Don’t understand why the system didn’t catch on, it seems very logical to me.

It does. Perhaps the DC was concerned about competition with the subway system?

Arlington TX recently initiated unlimited on-demand public transport for the entire city for $80/month. That is a very viable alternative to personal car use and provides a blueprint for how cities can use MaaS to reduce congestion while improving transportation access to those who can’t afford a car. Future AV will only improve the economics of microtransit.

Possibly inflation, the plant needed to be replaced after a time and inflation destroyed the city planning for it. Just an educated guess.

Microtransit seems to be a public transportation strategy that works in lower density areas…

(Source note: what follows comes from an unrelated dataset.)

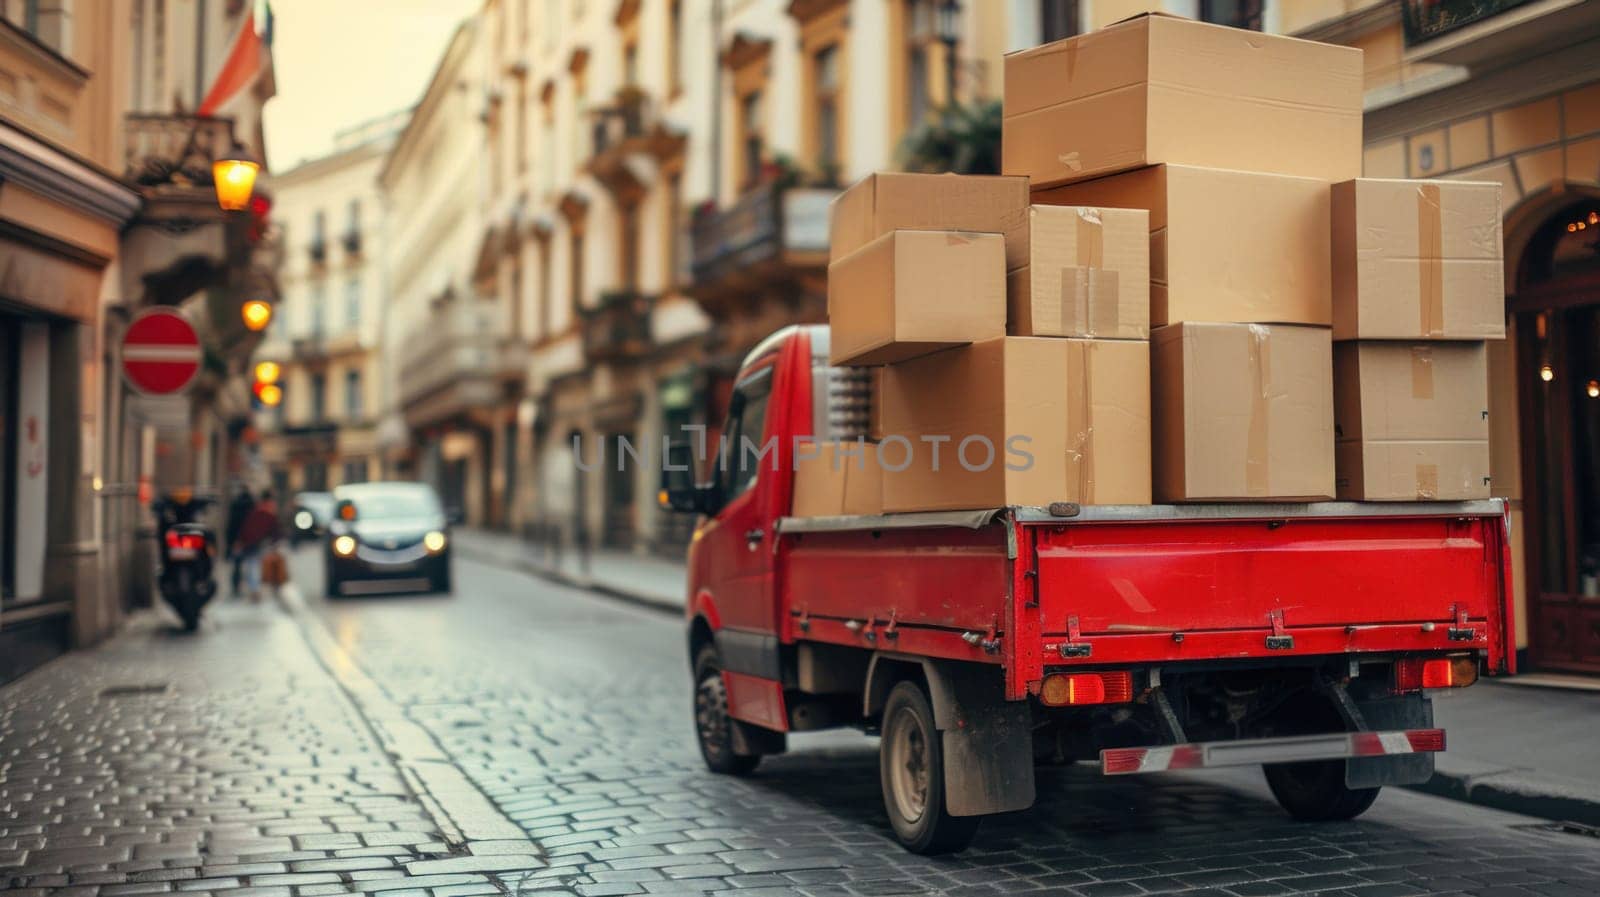 A red truck is parked on a city street with a large number of boxes stacked on truck.

That makes a lot of sense. In my area, the transit system uses medium sized buses, and usually ( not always ) only ever see 1 or 2 riders on them, when they are not completely empty. So even though there isn’t much useage, for some people it is a valuable service. I don’t mind paying taxes to help out and keep this option available for people that need it, but microtransit vehicles would be much more cost effective. The transit system could buy electric vehicles and use them for the majority of the day, and keep those buses in reserve.